The scattering of the final design of all four population sizes diminishes with increasing poc values. This suggests that more frequent application of the OC-operator improves the quality of final designs and produce equally good results in terms of the objective function. Although much heavier designs are generally found by the pure GA method (where poc = 0), the final designs generated by GA are found all infeasible with significant drift violations.
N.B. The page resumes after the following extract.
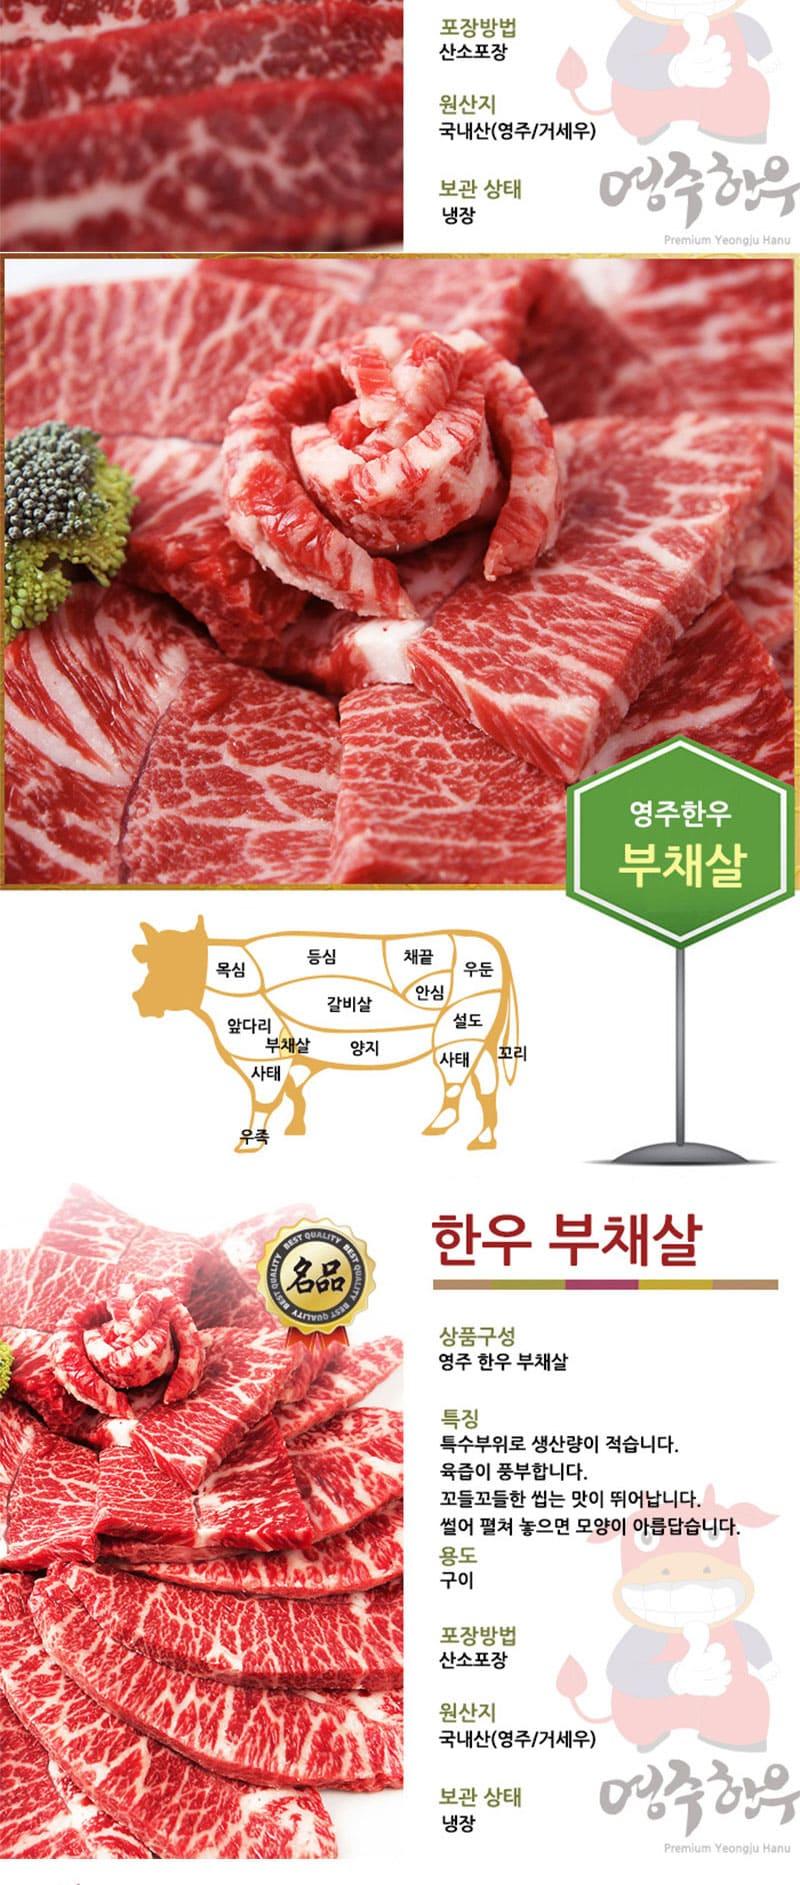 yeongjuchughyeob-myeongpum-set_detail_05.jpg

For all the OC-GA runs, the design optimization process is terminated when the maximum generation reaches 200 or when almost the same best-fit design is maintained for 20 consecutive generations. The computational time required for solution convergence of each run is given in Fig. 7. For a given value of poc, the average computer time required is generally found to be linearly proportional to the population size. In other words, the time required for a population size of 100 is more or less two times that of a population size of 50. For all the OC-GA runs of a given population size, the average computer time required increases generally with an increasing value of poc. In general, the larger the population size, the smaller the value of poc should be adopted in terms of computational efforts. For this example, a relatively small value of poc ranging from 0.05 to 0.2 is found adequately sufficient to produce the best-fit designs with the least computational effort.
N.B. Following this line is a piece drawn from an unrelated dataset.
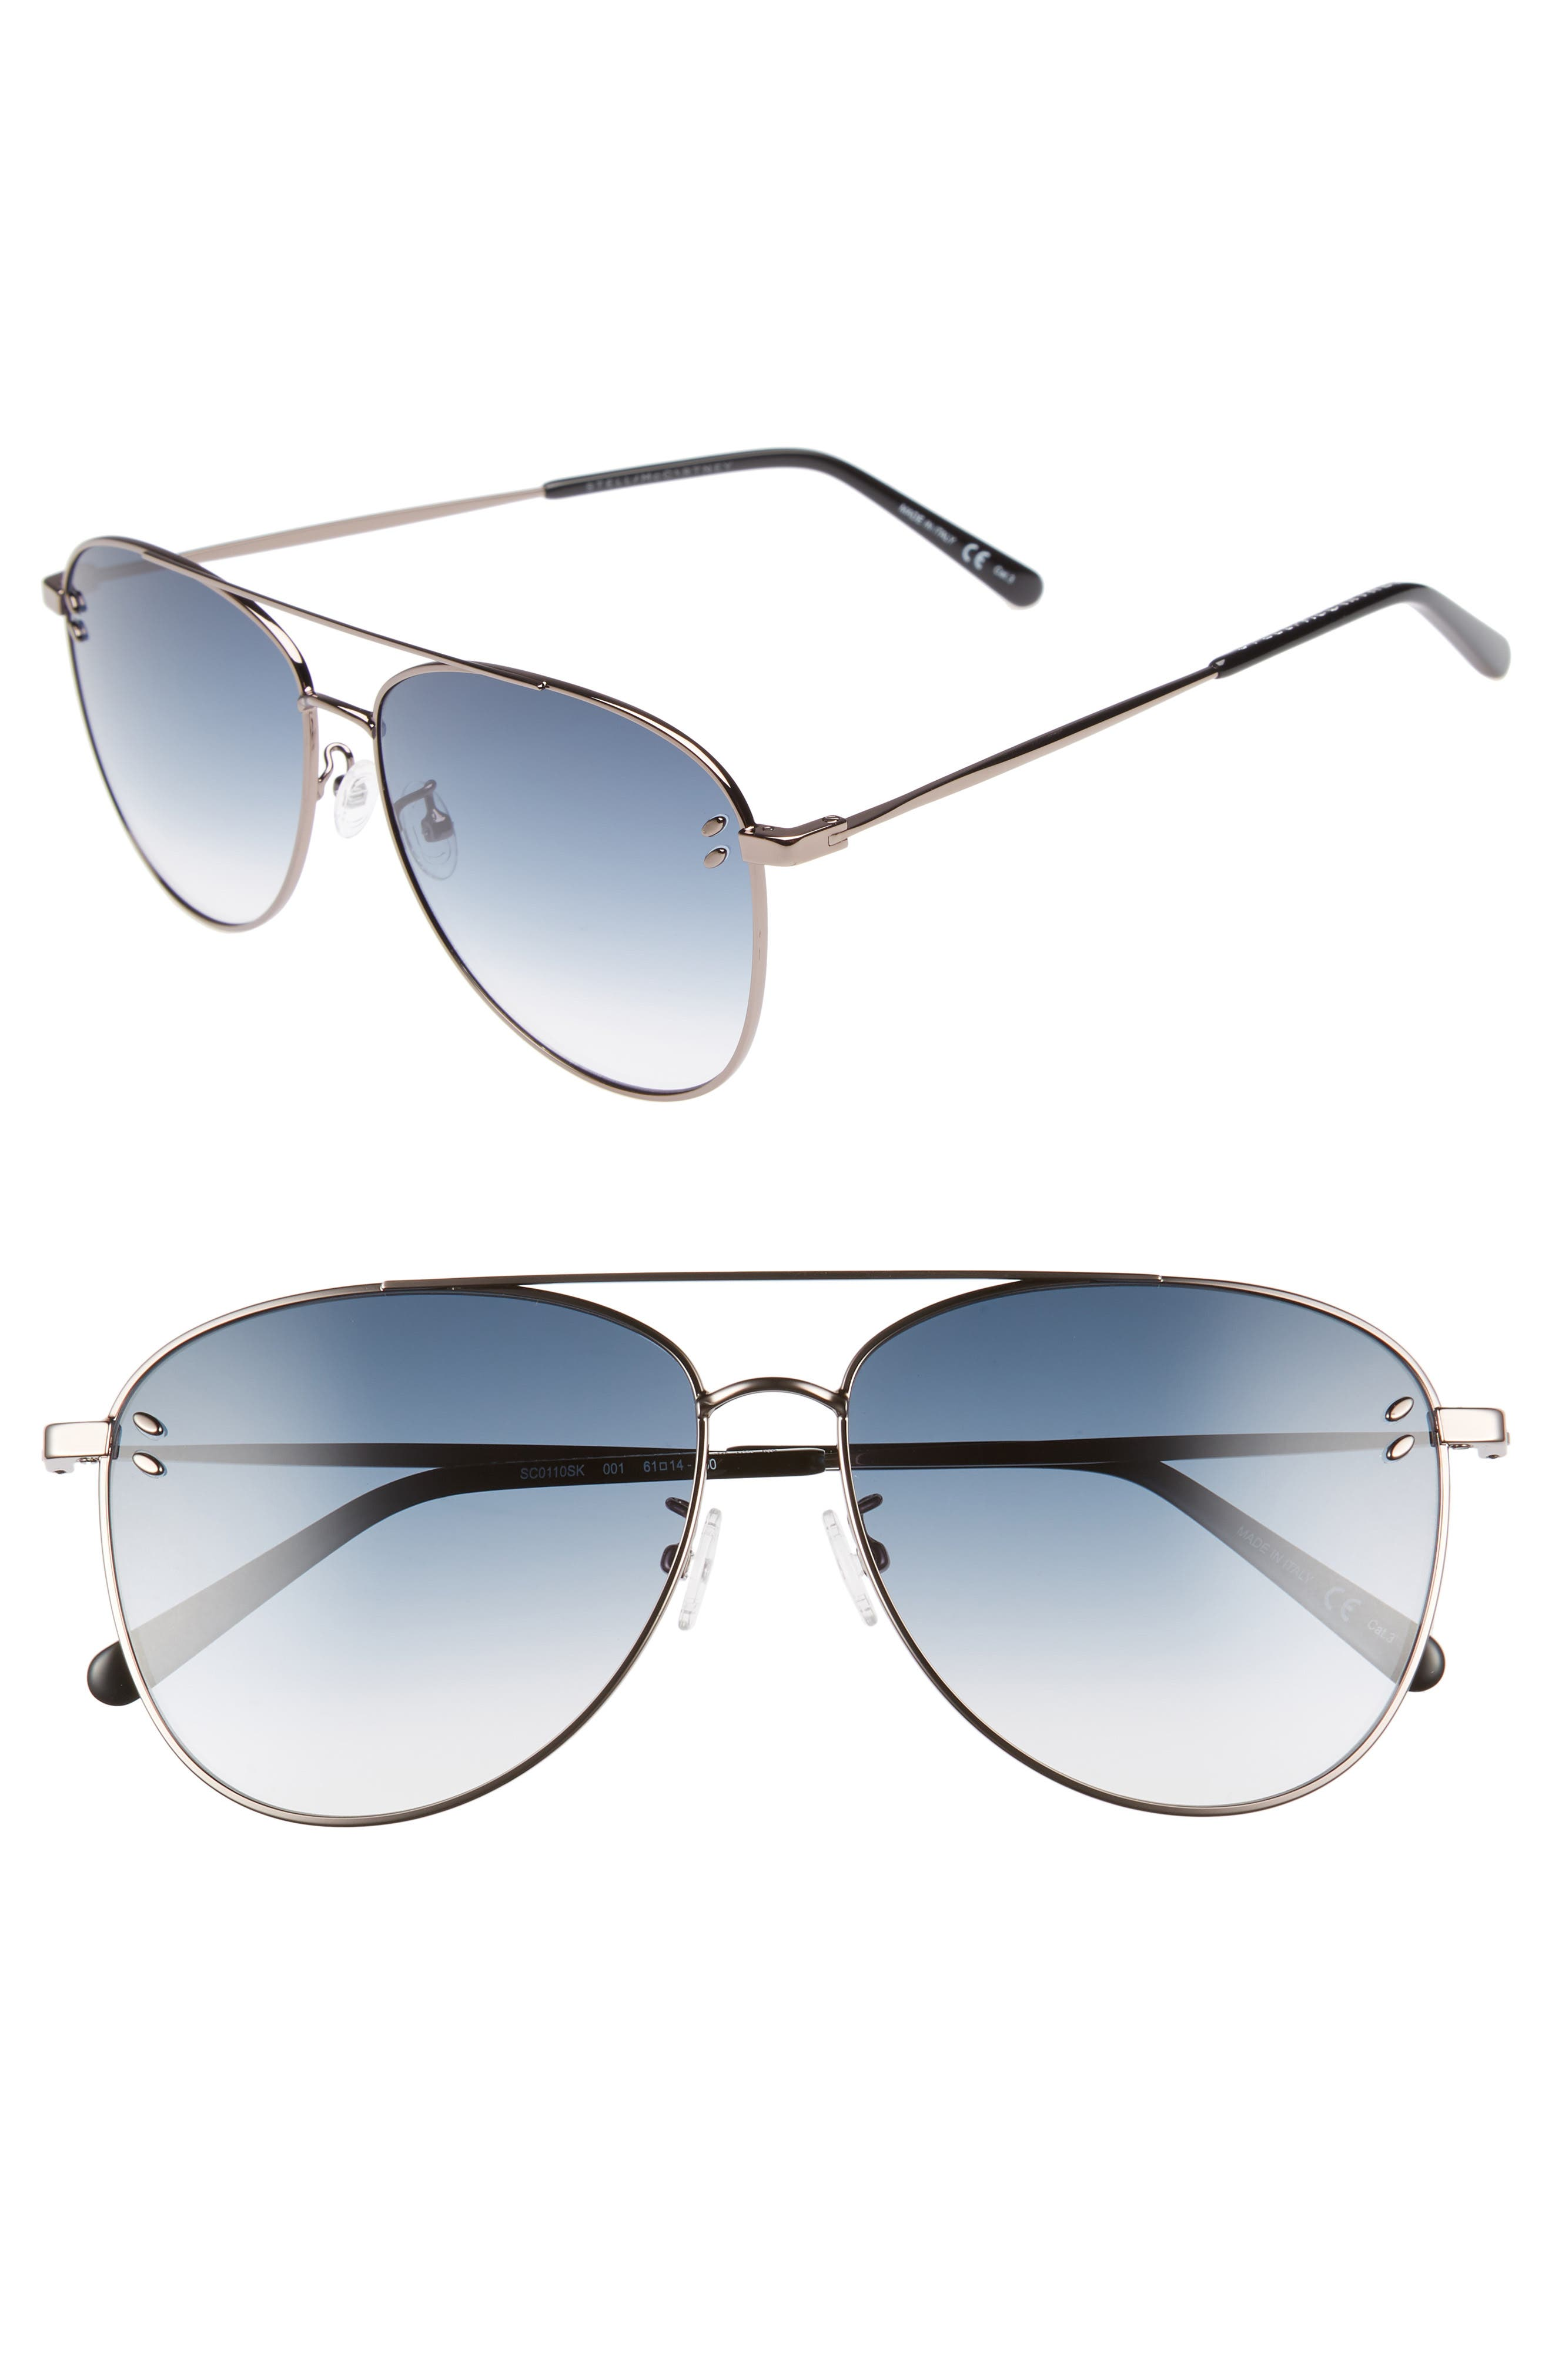 61mm Aviator Sunglasses,                             Main thumbnail 1, color,                             041

Figure 7. Effect of poc on computation time
In this paper, a novel hybrid OC-GA method incorporating a local search OC algorithm is presented for simultaneous topological and element sizing design optimization of tall steel building frameworks. The hybridization involves the exploration of topologies by the GA method and the refinement of element sizes by the local search OC algorithm. Two 40-story, 3-bay framework examples were tested to demonstrate the effectiveness of the hybrid OC-GA method on generating more superior optimal designs than conventional simple GAs. The incorporation of the OC operator into the GA process has remarkably improved the quality of the best-fit designs in terms of structural material consumption and computational efficiency. Results of the two examples indicate that robust and rapid solution convergence can be found by the hybrid OC-GA method. The use of a relatively small value of the probability of OC operator ranging from 0.05 to 0.2 is generally found to produce good quality best-fit designs with the least computational effort for a population size with a similar order of the number of design variables. The hybrid OC-GA method promises to become a useful tool for optimizing both the topology and element sizes of large-scale practical tall building structures.
The work described in this paper was substantially supported by a grant from the Research Grants Council of the Hong Kong Special Administrative Region, China (Project No. HKUST6302/04E).